Nesse momento, Zhang Hong, satisfeito e de estômago cheio, jogava videogame na sala com Zhang Meng.

“Digo, um sujeito como você jogando videogame comigo na sala... parece até mentira,” comentou Zhang Meng, sorrindo para Zhang Hong.

Agora, toda a estranheza que sentia em relação a Zhang Hong tinha desaparecido.

“O que tem de tão irreal? Que tipo de pessoa você acha que sou? Sou só um cara comum,” respondeu Zhang Hong, fazendo pouco caso.

“Comum? Você agora é um médico milagroso! Os outros podem não saber, mas eu acredito em você,” insistiu Zhang Meng, sorrindo.

No fundo, ainda estava surpreso; nunca imaginou que seu amigo pudesse se transformar em um médico famoso.

“Deixa disso. Se você realmente achasse que sou um médico milagroso, não pediria para eu dar uma olhada na sua prima?” contestou Zhang Hong, lançando um olhar de soslaio.

“O que quer dizer com isso?” Zhang Meng ficou surpreso, olhando fixamente para Zhang Hong.

“Está bem, se quer continuar fingindo, não direi mais nada,” disse Zhang Hong, balançando a mão.

‘Essa garota, não sabe se conter na frente dos outros, fala de tudo,’ suspirou Zhang Meng internamente.

“Outros? Então, aos seus olhos, eu sou um estranho, Zhang Hong?
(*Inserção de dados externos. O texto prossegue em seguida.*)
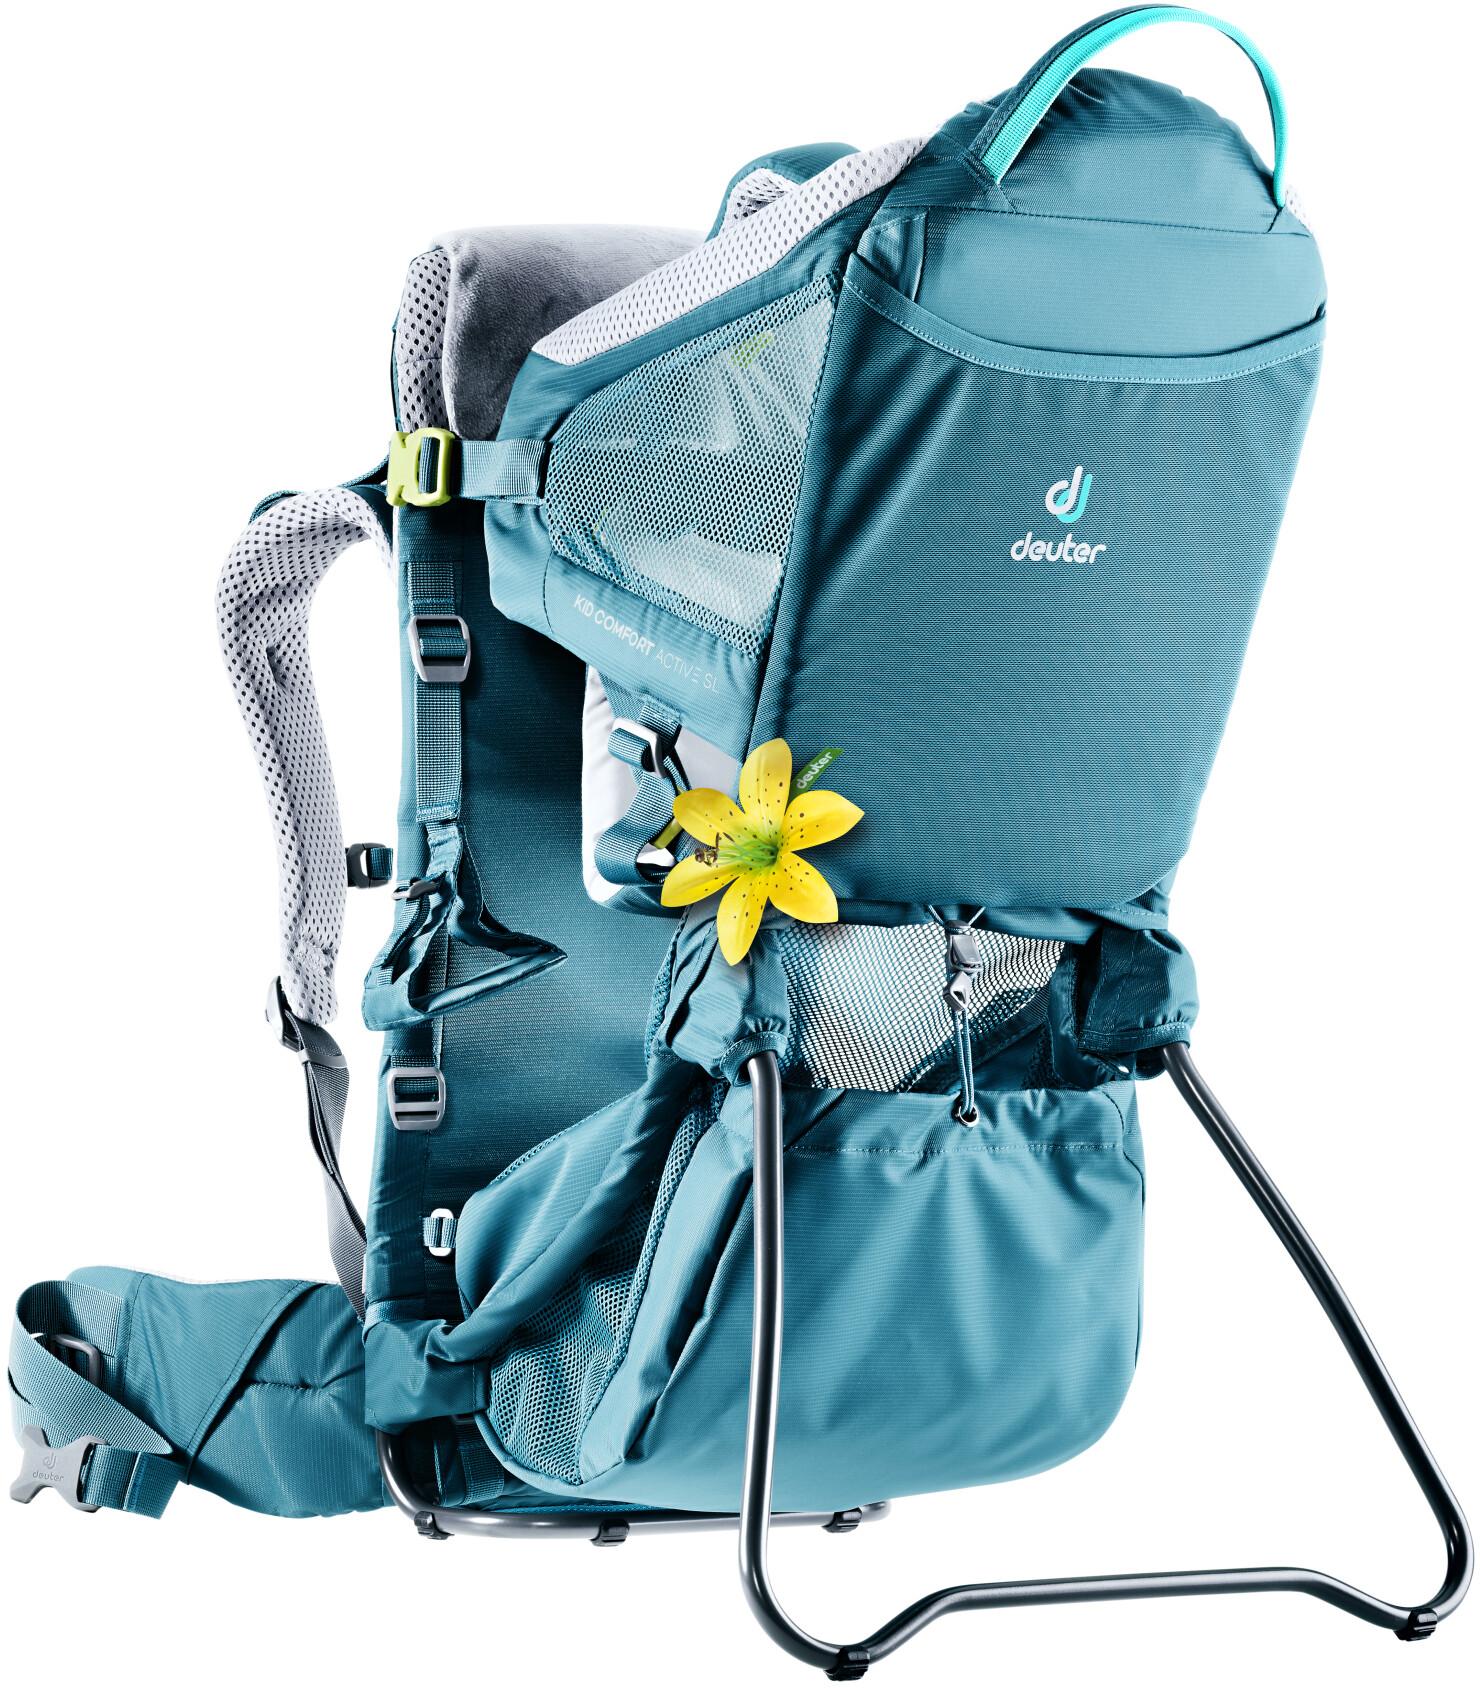 cc2f3d1600c Deuter Kid Comfort Active SL kinderdrager turquoise l Online outdoor ...

Agora entendi o que você realmente pensa de mim,” retrucou Zhang Hong, olhando para Zhang Meng com desdém.

“Não! Foi só um deslize, irmão, não leve a mal, por favor!” Zhang Meng apressou-se em se explicar, enquanto mandava uma mensagem pelo celular para sua prima, pedindo que descesse logo.

Ao mesmo tempo, continuava bajulando Zhang Hong, prometendo toda sorte de vantagens, até acalmá-lo.
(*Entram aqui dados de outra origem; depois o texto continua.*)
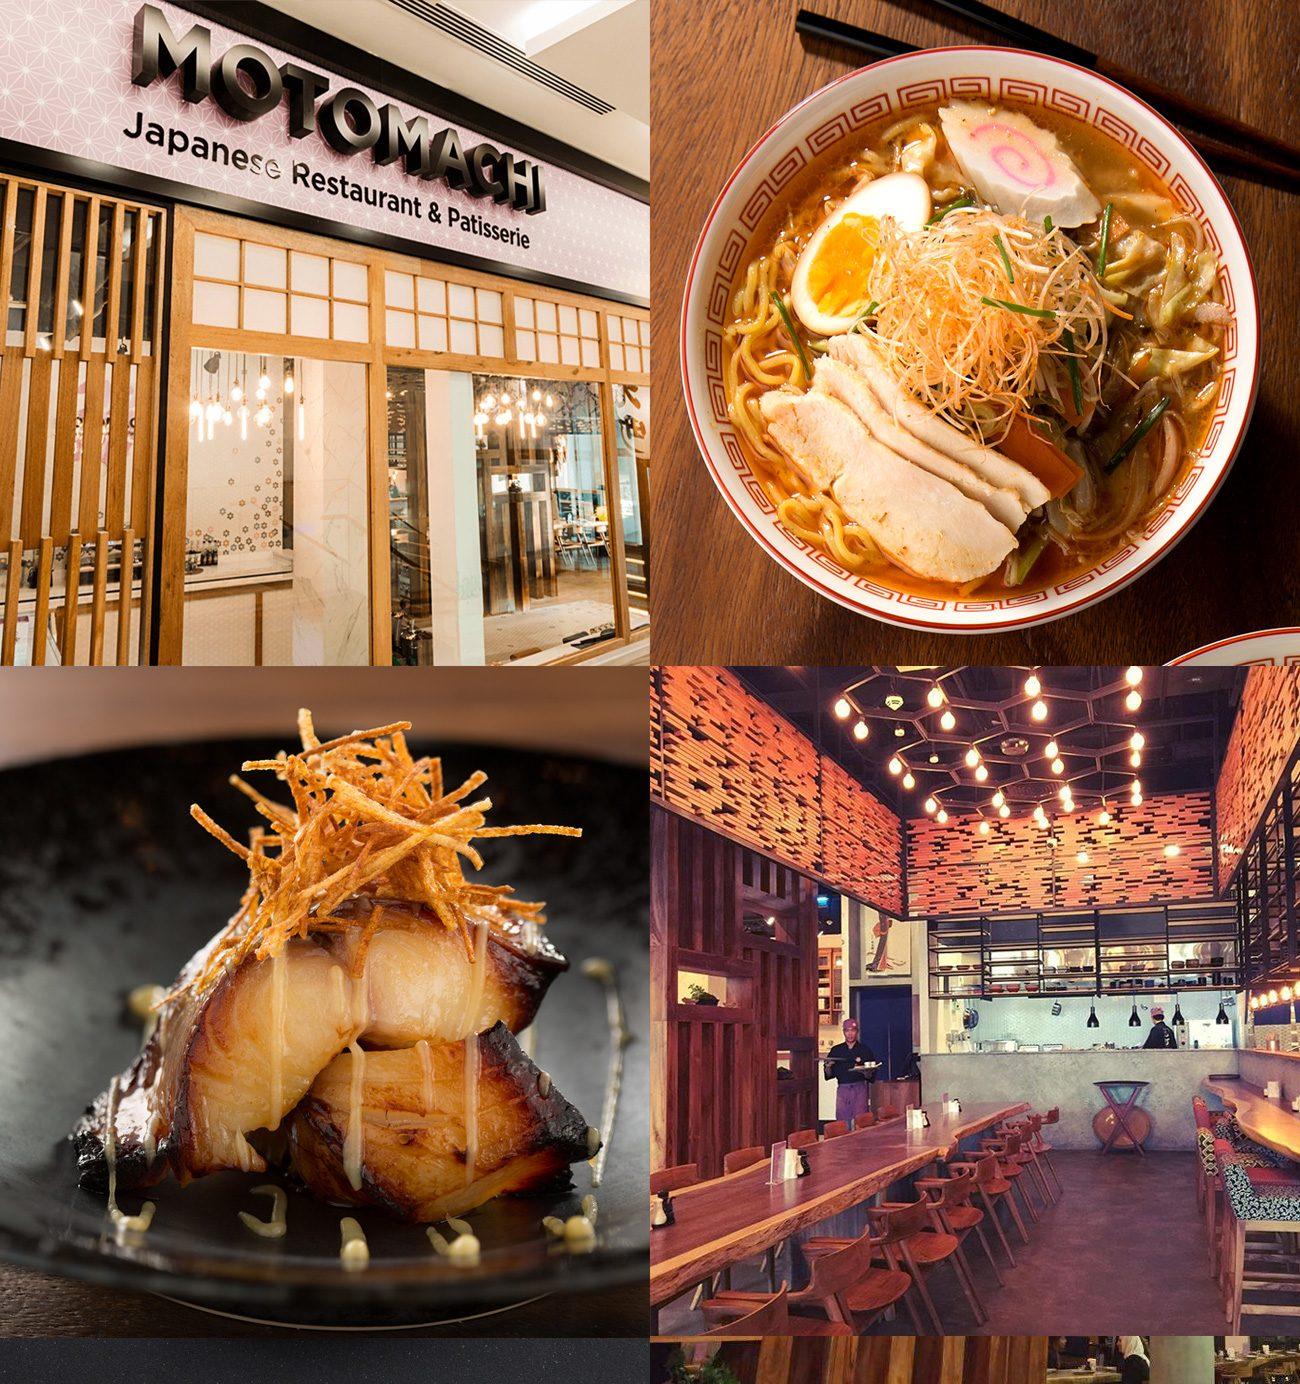 Motomachi Restaurant Branding | Tarek Atrissi Design | The Netherlands

“Primo, vocês dois são tão melosos que, se não fosse por você viver cercado de mulheres e ele já estar casado, eu até acharia que são um casal,” brincou Zhang Qing, sorrindo para os dois.

“Chega de brincadeira, temos um assunto sério. Senta aqui,” ordenou Zhang Meng, com um tom mais sério.

Zhang Qing sentou-se obedientemente ao lado dos dois, olhando curiosa, sem saber o que pretendiam.

“Pois bem, meu amigo aqui é um médico milagroso. Conte seu caso para ele e veja o que pode ser,” sugeriu Zhang Meng, em voz baixa.

“Primo, por que você contou tudo? Sua boca não tem freio mesmo!” reclamou Zhang Qing, arregalando os olhos para Zhang Meng, claramente aborrecida.